If an attesting witness has forgotten the execution of the Will or testifies against due execution and at least one other witness has been examined, the court may admit the Will to probate upon the testimony of just the one other witness and other facts sufficient to prove the validity and due execution of the Will. See SCPA

§ 1405(3). If both witnesses cannot remember the execution or testify against the Will, the court can admit the Will to probate provided there is sufficient other proof that the Will is valid. See In re Collins, 60 N.Y.2d 466, 470 N.Y.S.2d 338, 458 N.E.2d 797 (1983) (holding that a Will may be admitted to probate despite the inability of attesting witnesses to clearly recall circumstances surrounding its execution).

PRACTICE RESOURCES:

● Warren’s Heaton on Surrogates’ Courts §§ 41.09, 41.10, 112.02, 115.07.

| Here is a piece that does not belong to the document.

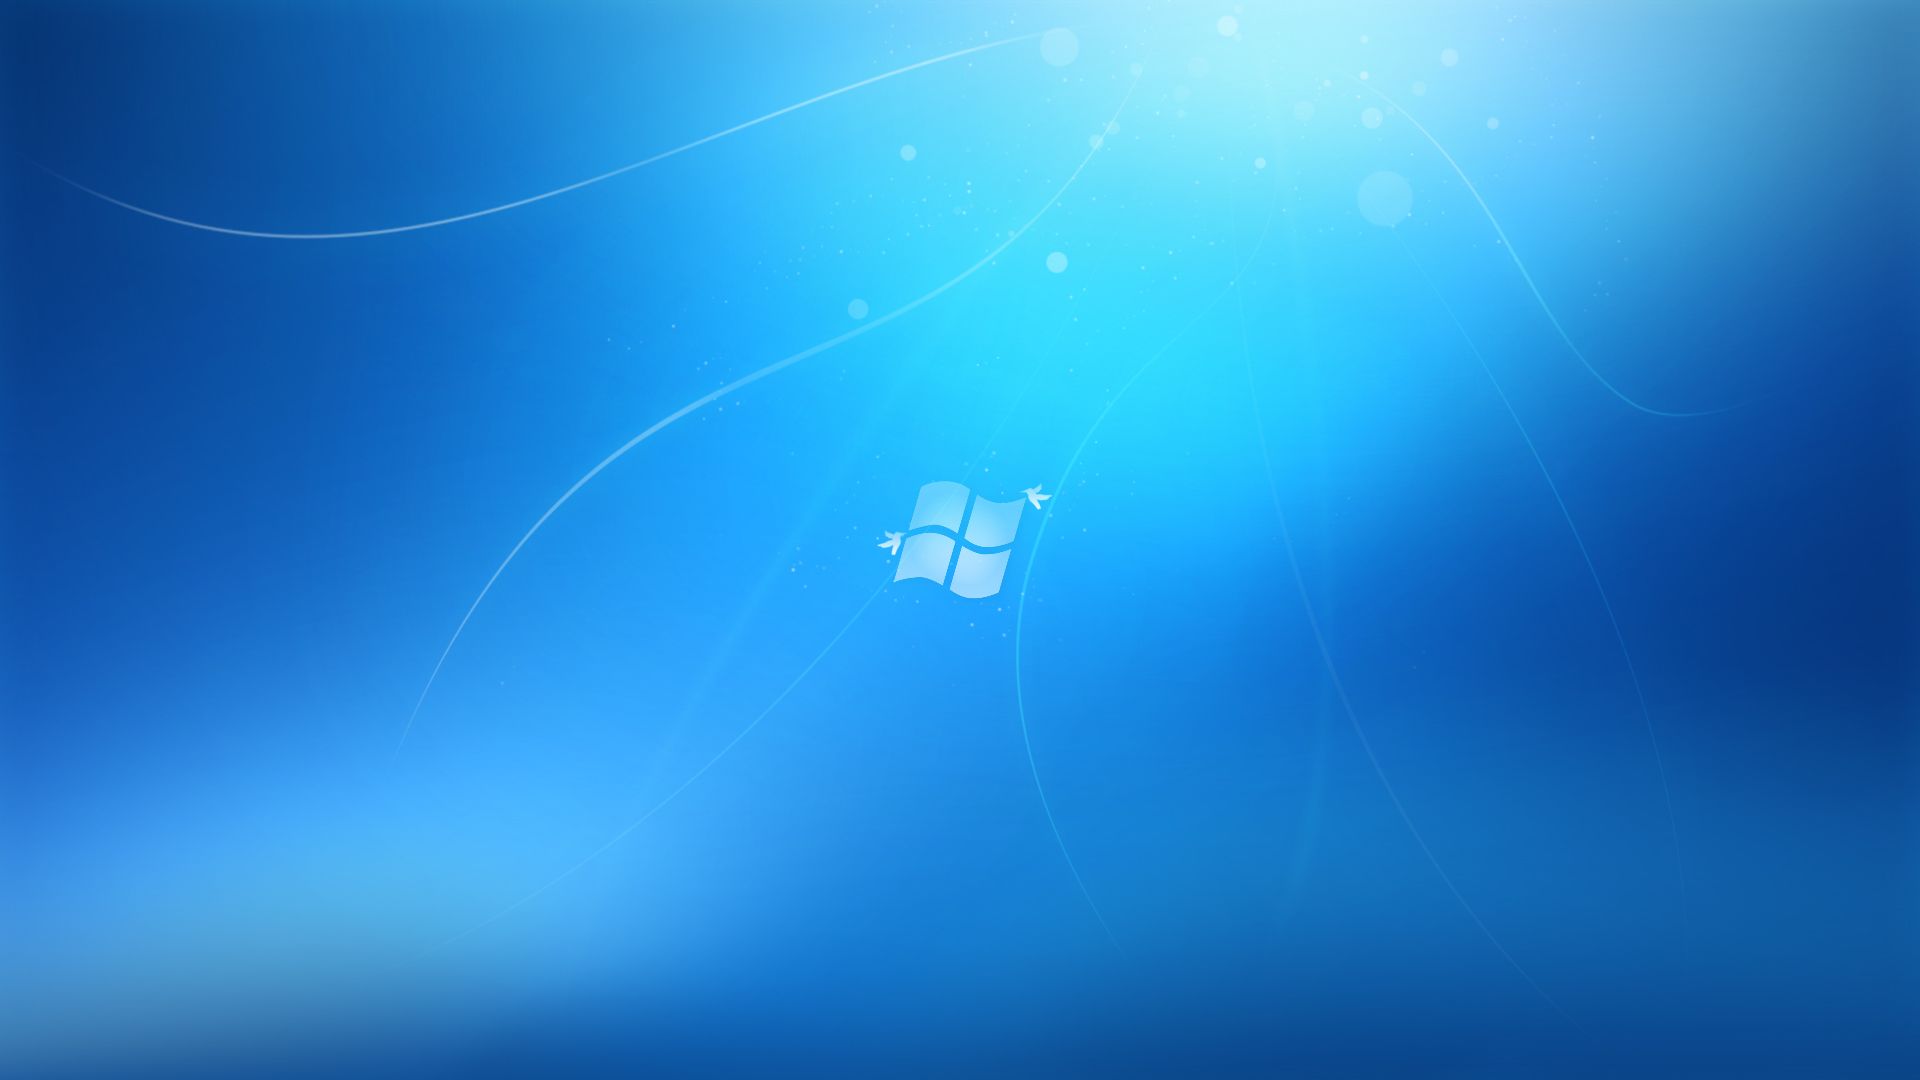 Windows 7 Blue 1080p HD Wallpapers HD Backgrounds

● Cox, Arenson & Medina, New York Civil Practice: SCPA

¶¶ 1404.01, 1404.02, 1405.01, 1405.02, 1405.03, 1405.04, 1406.01, 1406.02, 1406.03, 1406.04, 1406.05.

● New York Practice Guide: Probate and Estate Administra-tion § 8.07.

● Bender’s Forms for the Civil Practice Form No. SCPA 1404:1, Form No. SCPA 1405:1, Form No. SCPA 1405:5, Form No. SCPA 1406:2.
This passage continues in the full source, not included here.